The ablation of PO – relative to Ca – was studied in the Leeds Meteoric Ablation Simulator, and a new version of our Chemical Ablation Model (CABMOD) was developed to include the thermodynamics of P oxides in a molten meteoroid (Carrillo-Sánchez et al., 2020). The speciation of P in anhydrous chondritic porous Interplanetary Dust Particles was made by K-edge X-ray absorption near edge structure (XANES) spectroscopy at the Diamond Synchrotron; this work demonstrated that P mainly occurs in phosphate-like domains. An astronomical dust model which predicts the amounts of dust in the inner solar system produced by Jupiter Family comets, the asteroid belt, and Long Period comets, was then combined with CABMOD to predict the injection rate profile of P, PO and PO2 into the atmospheres of Mars, Earth and Venus - the Meteoric Input Function (Carrillo-Sánchez et al., 2020).

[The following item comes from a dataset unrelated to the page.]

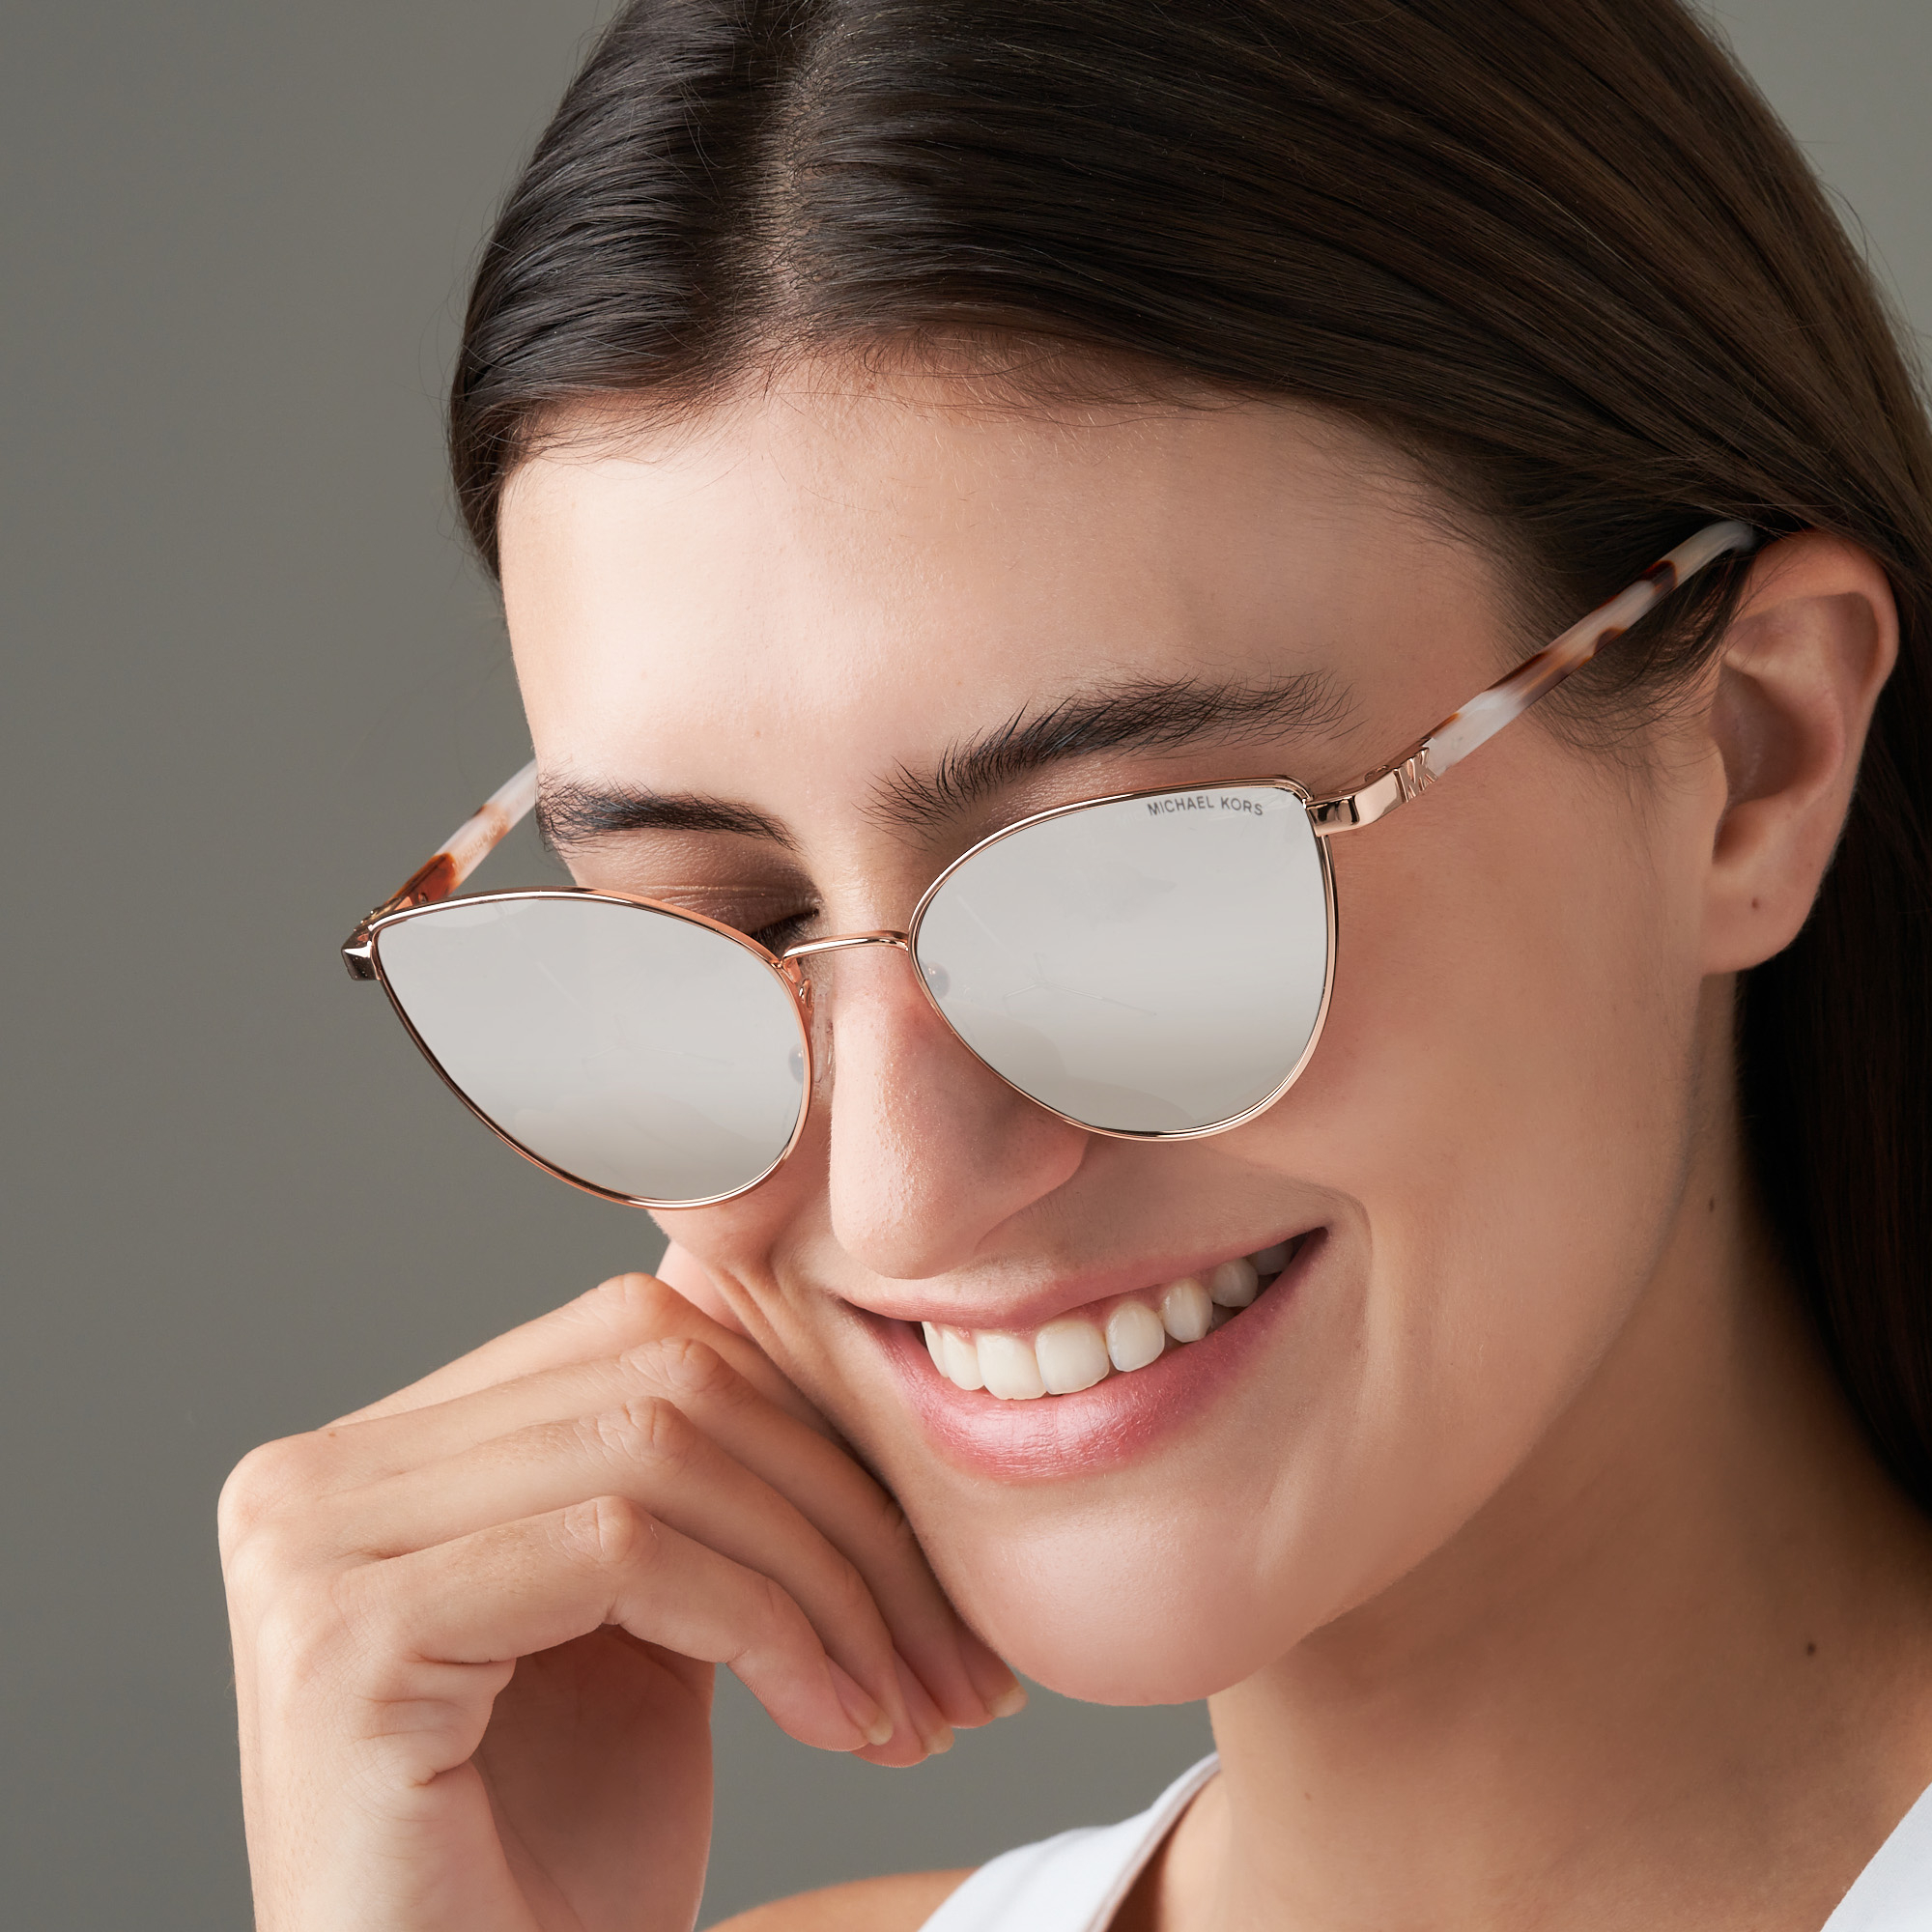 44% off on Ladies Arrowhead Sunglasses | OneDayOnly

We then measured the kinetics of P, PO and OPO with a variety of atmospheric constituents using the laser flash photolysis/laser induced fluorescence technique (Douglas et al., 2019; Douglas et al., 2020). Electronic structure (ab initio quantum) calculations were also combined with statistical rate theory to produce an atmospheric chemistry network for phosphorus (Figure 1). This network shows the pathways from OPO to H3PO3 and H3PO4. These phosphorus-oxy acids then combine with the metal-containing molecules (e.g. NaHCO3, FeOH), also produced by meteoric ablation, to form metal phosphites and phosphates. These compounds polymerize into nm-sized meteoric smoke particles, which are transported down to the surface over several years (Dhomse et al., 2013).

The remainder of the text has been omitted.